DIRECTIONS |
Could you copy the data that follows exactly as written, but drop the pictures?

SUPPLIED MATERIAL |
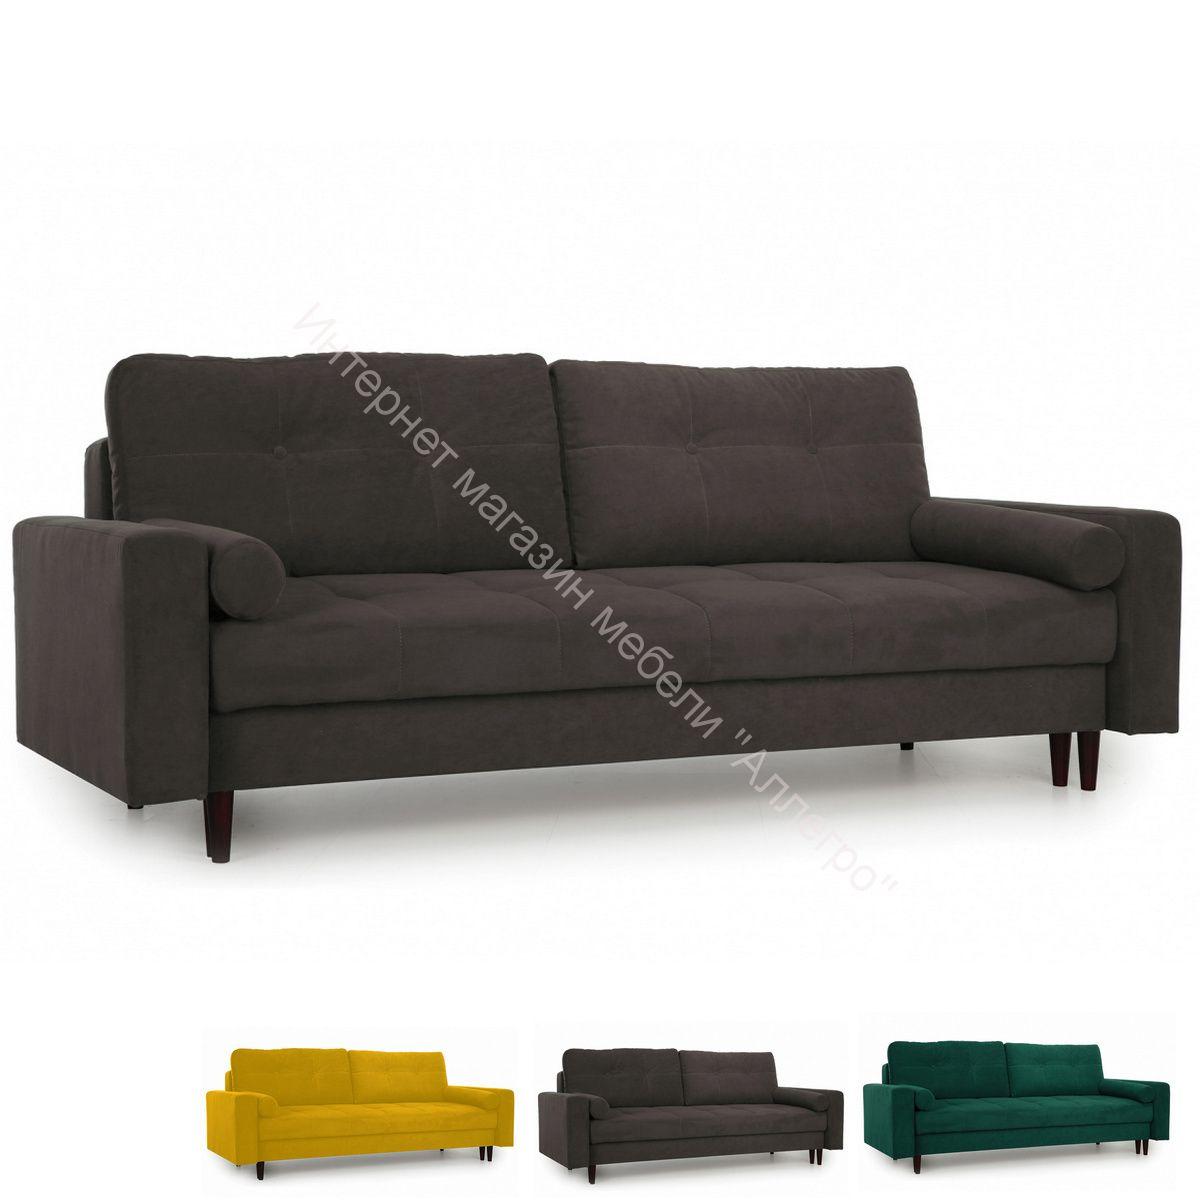 Диван-кровать Лоретт (Galaxy 04, 07, 10 (велюр) коричневый, желтый, изумрудный)
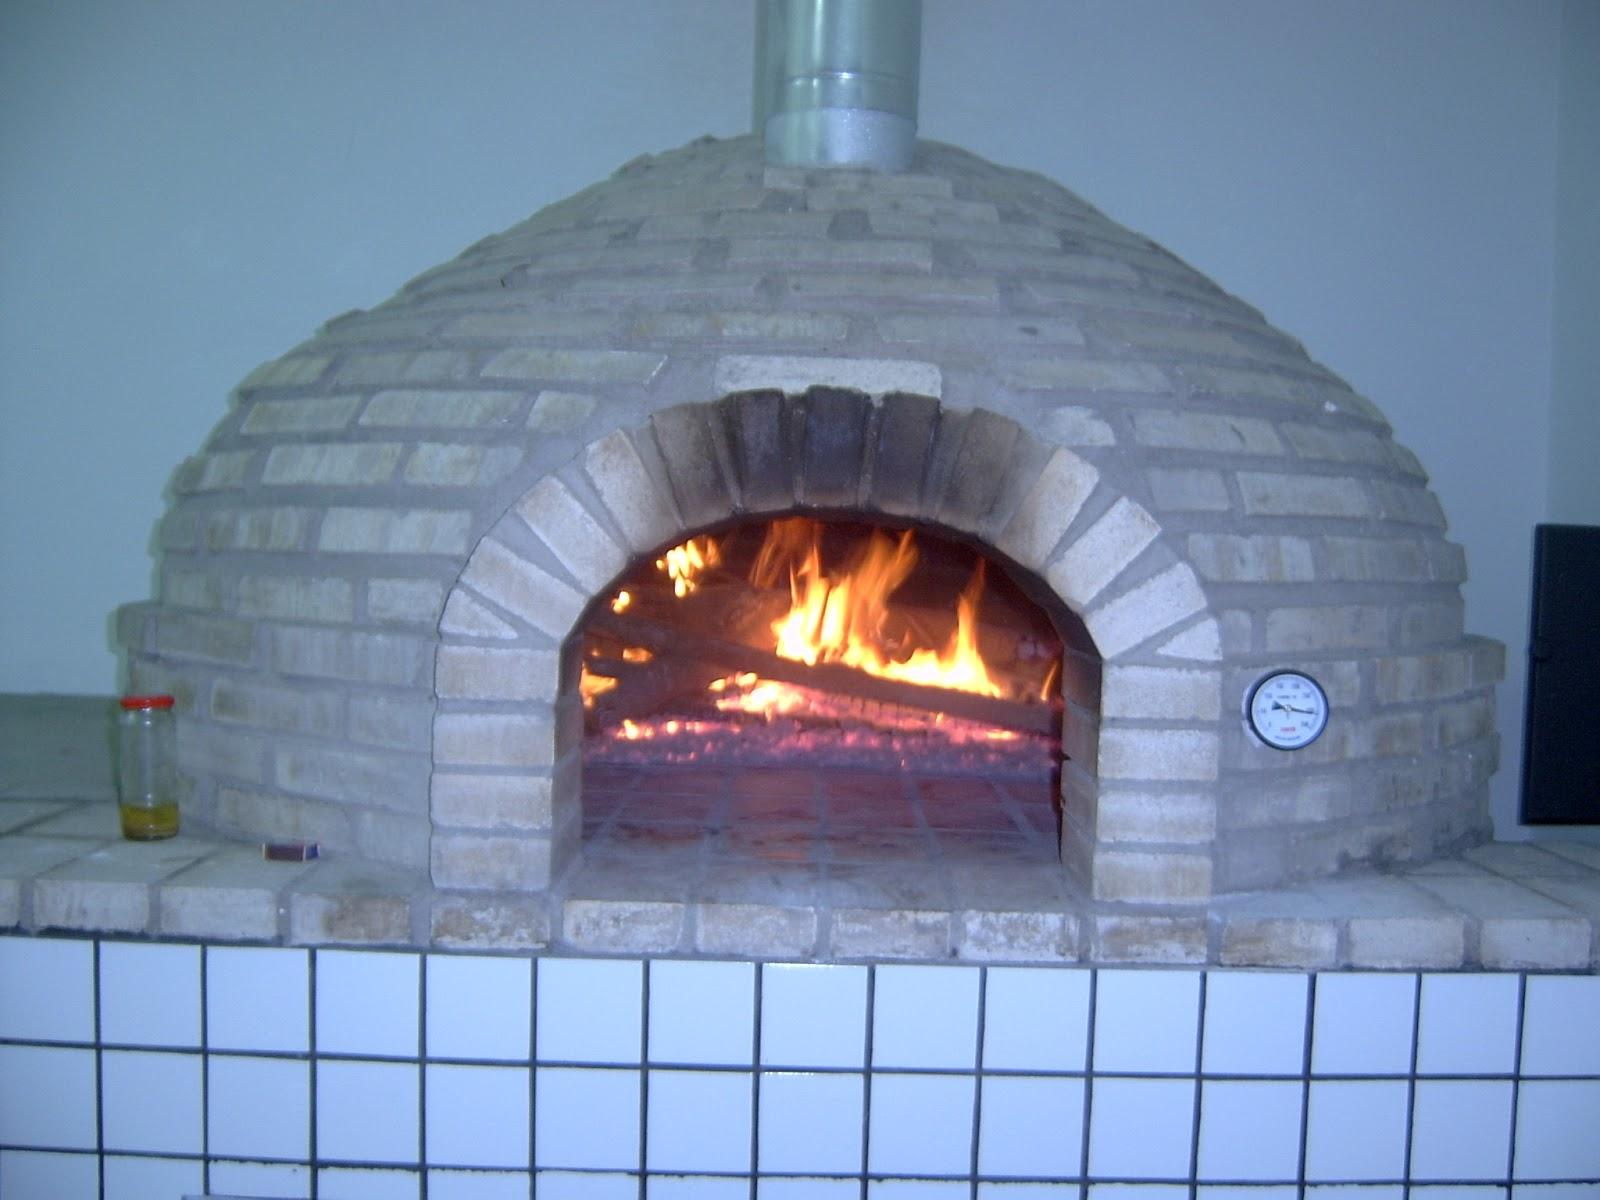 Forno a lenha para pizzaria profissional for Temperatura forno pizza
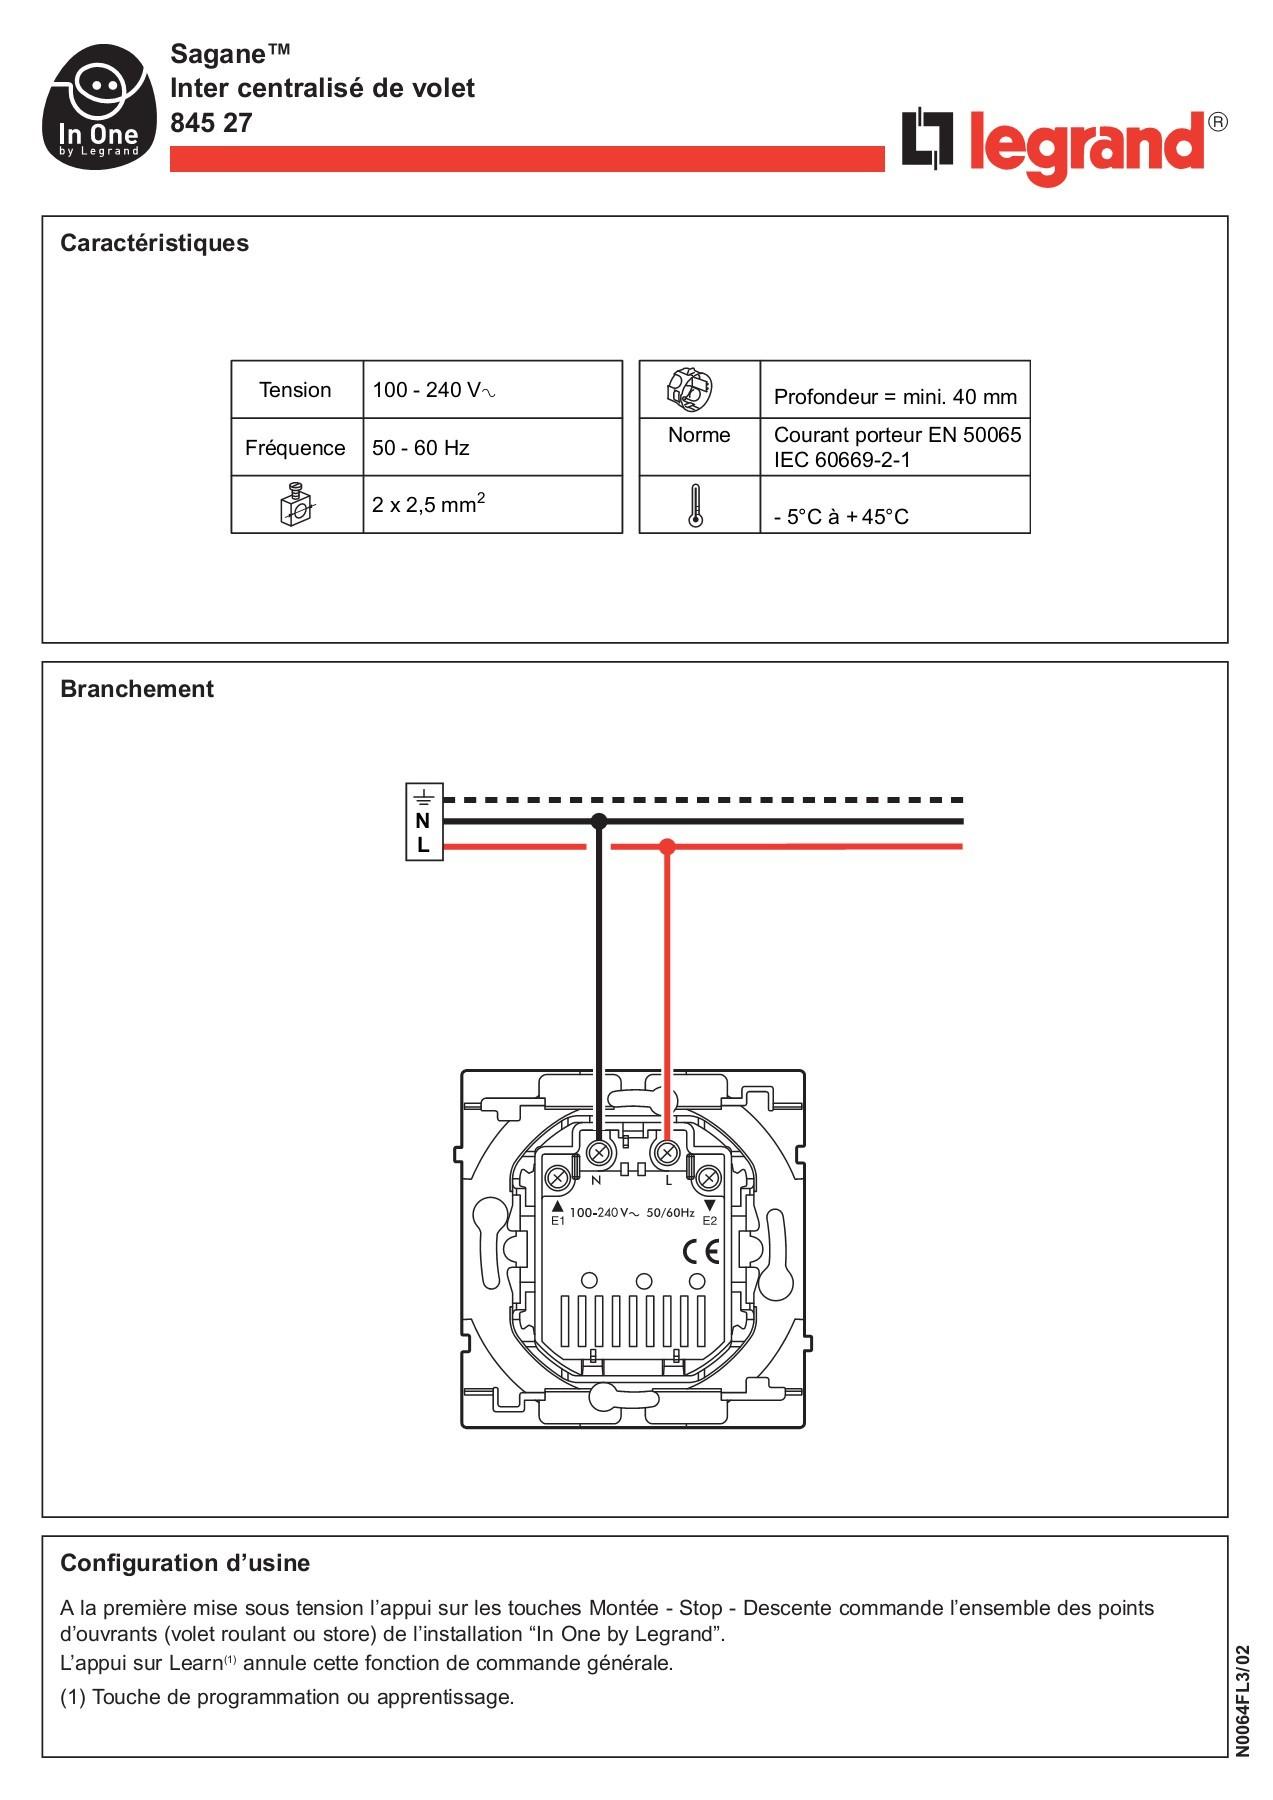 Sagane Inter Centralise De Volet 845 27 Pages 1 9 Flip Pdf Download Fliphtml5

RESPONSE BOX |
 Диван-кровать Лоретт (Galaxy 04, 07, 10 (велюр) коричневый, желтый, изумрудный)
 Forno a lenha para pizzaria profissional for Temperatura forno pizza
 Sagane Inter Centralise De Volet 845 27 Pages 1 9 Flip Pdf Download Fliphtml5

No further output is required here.